My data has few 100k of rows and the following columns:
Time
(yyyy-MM-dd hh:mm:ss.ffffff),ID
(string),Group1
(int32),Group2
(int32).
I would like to count how many events came from the same Group1
and Group2
prior to each event, in a time window of 5 minutes.
For example:
ID Time Group1 Group2
61ED2269CCAC 2020-07-27 00:01:05.781 1234 100123
61C2DC4E96FA 2020-07-27 00:01:17.279 1234 100123
FAD0839C1A95 2020-07-27 00:02:38.112 1234 100124
A2750A7B6C24 2020-07-27 00:16:50.592 4321 100123
03F5DF150A3C 2020-07-27 00:17:00.246 4321 100124
How many events came after Timestamp('2020-07-26 23:56:17.279000')
(5 minutes before the second event) and belong to groups Group1
and Group2
? So the second event would have a counter of 1 in this example. The rest will have a counter of 0 as their groups are unique.

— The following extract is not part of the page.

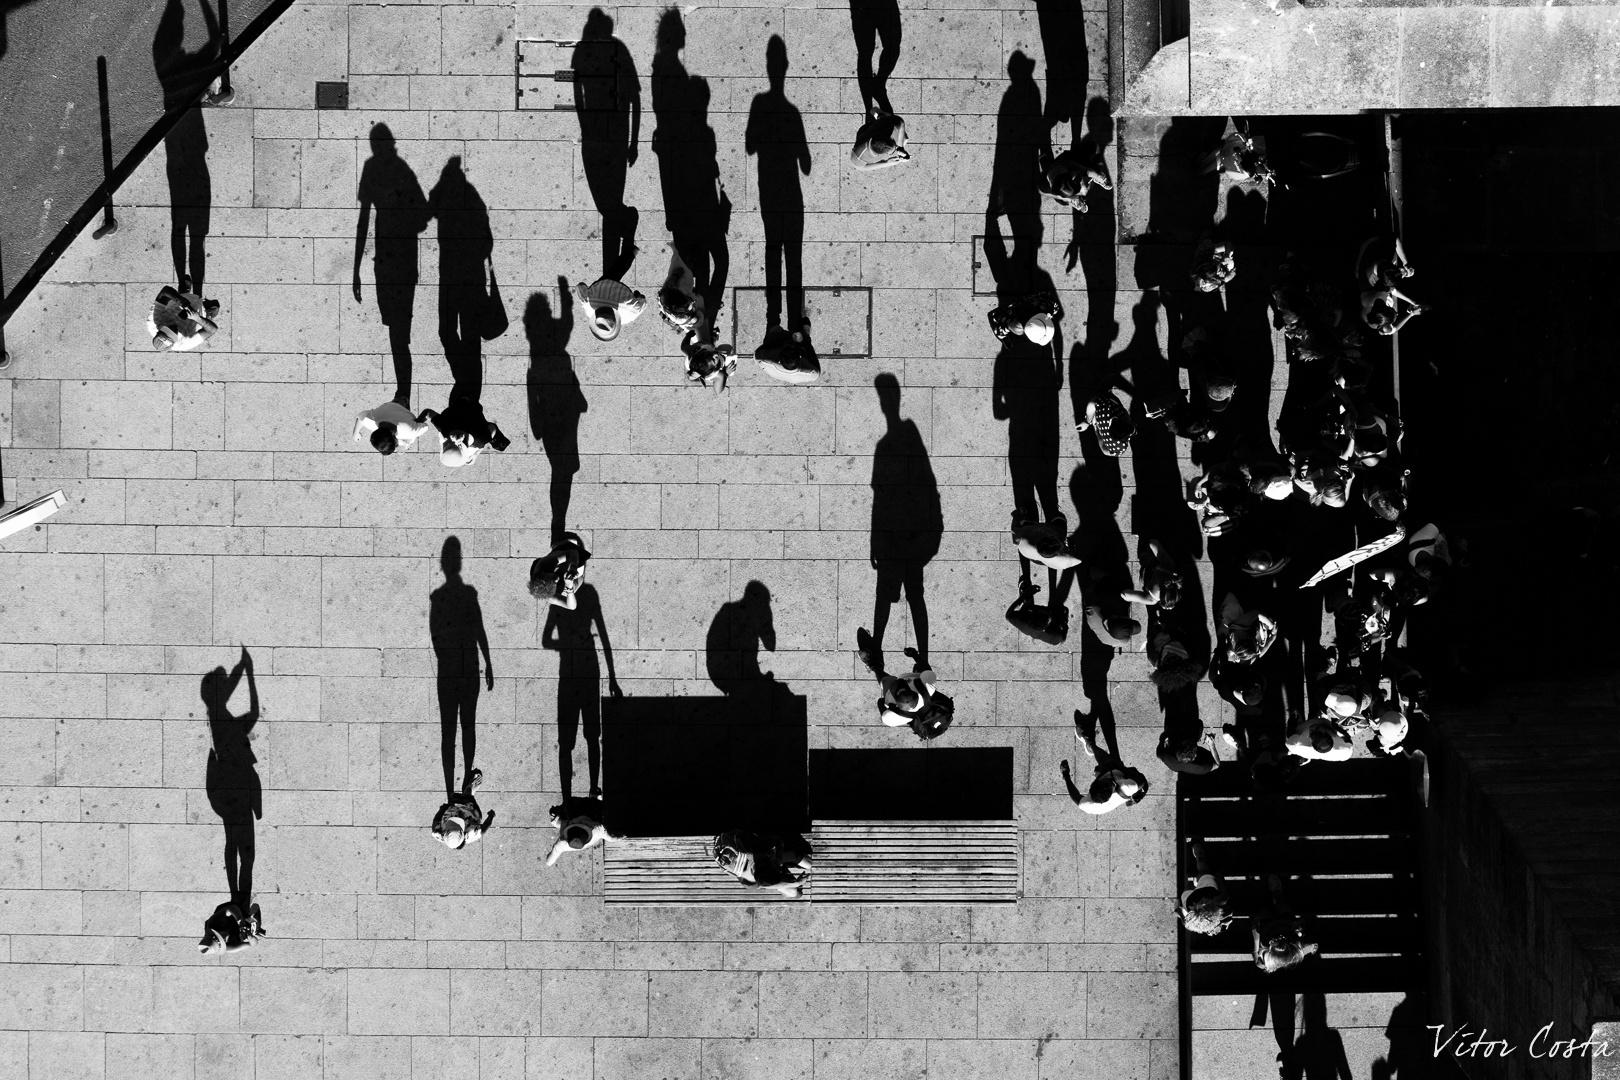 Gentes e Locais/The shadows
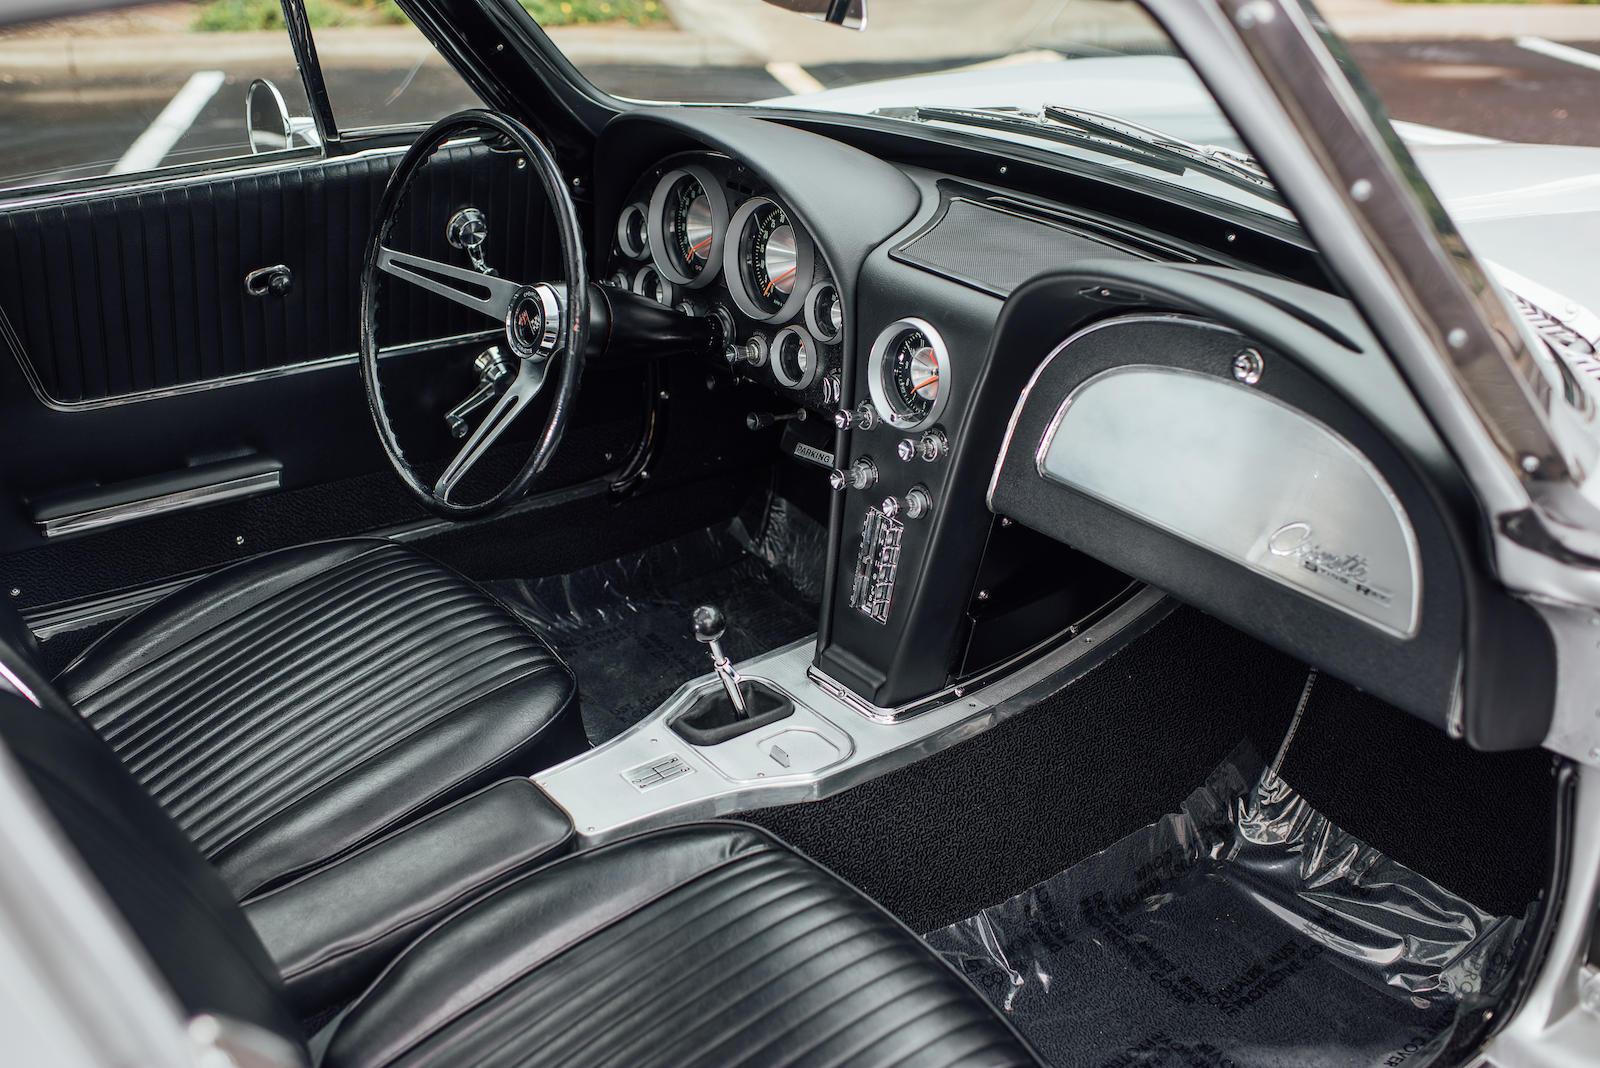 1963 Chevrolet Corvette interior passenger

Each event should have a counter indicating how many events came before it from the same groups.
I tried sorting the data by the groups and by Time
, then running a nested-loop, one running on all events and one running from the start up to the current event index. After few 1000 rows, the process slows down significantly, rendering this option non-feasible.
I was wondering if there is any other elegant and efficient way of doing this.
EDIT: I was able to do this with one for-loop instead of a nested one. For each loop I took the Time and the groups and sliced the Dataframe to include the events in the groups and in the desired time frame, and then summed the number of events:
for i in tqdm(range(len(df))):
time_stamp = df.loc[i, 'Time']
group1 = df.loc[i, 'Group1']
group2 = df.loc[i, 'Group2']
sub_df = df[df['Time'] + timedelta(minutes=-5) > time_stamp]
sub_df = sub_df[sub_df['Time'] < time_stamp]
sub_df = sub_df[sub_df['Group1'] == group1]
sub_df = sub_df[sub_df['Group2'] == group2]
df.loc[i, 'prior_events'] = sub_df.size
Still, tqdm shows 18 iteration per second, which is not that great for 100k rows.